ValidateAvailability needs to be called each time a header is validated. A DAS light client will have to request the DASLightBlock for this as per above to be able to pass in a DataAvailabilityHeader.

Testing

Ideally, we add the DAS light client to the existing e2e tests. It might be worth to catch up with some relevant changes from tendermint upstream. In particular, tendermint/tendermint#6196 and previous changes that it depends on.
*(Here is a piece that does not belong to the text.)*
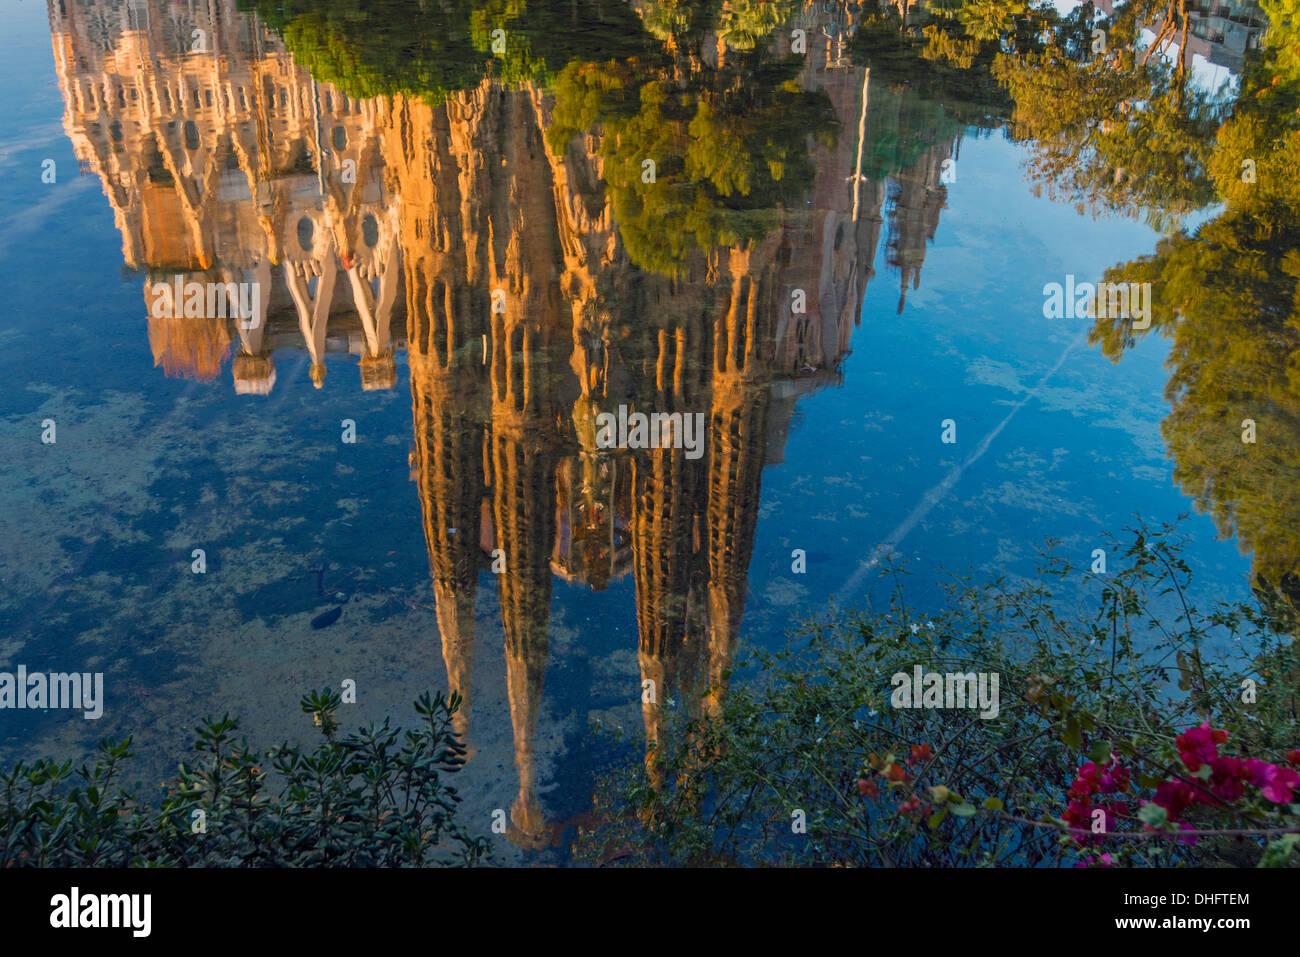 Sagrada Familia church reflected into a pond, Barcelona, Catalonia, Spain - Stock Image

Additionally, we should provide a simple example in the documentation that walks through the DAS light client. It would be good if the light client logs some (info) output related to DAS to provide feedback to the user.

Status

Proposed

Consequences

Positive

  • simple to implement and understand
  • familiar to tendermint / Cosmos devs
  • allows trying out the MVP without relying on the celestia-app (instead a simple abci app like a modified KVStore app could be used to demo the DAS light client)

Negative

  • light client does not discover peers
  • requires the light client that currently runs simple RPC requests only to run an IPFS node
  • rpc makes it extremely easy to infer which light clients are doing DAS and which not
  • the initial light client implementation might still be confusing to devs familiar to tendermint/Cosmos for the reason that it does DAS (and state fraud proofs) to get rid of the underlying honest majority assumption, but it will still do all checks related to that same honest majority assumption (e.g. download validator sets, Commits and validate that > 2/3 of them signed the header)

Neutral

DAS light clients need to additionally obtain the DAHeader from the data root in the header to be able to actually do DAS.

References

We have linked all references above inside the text already.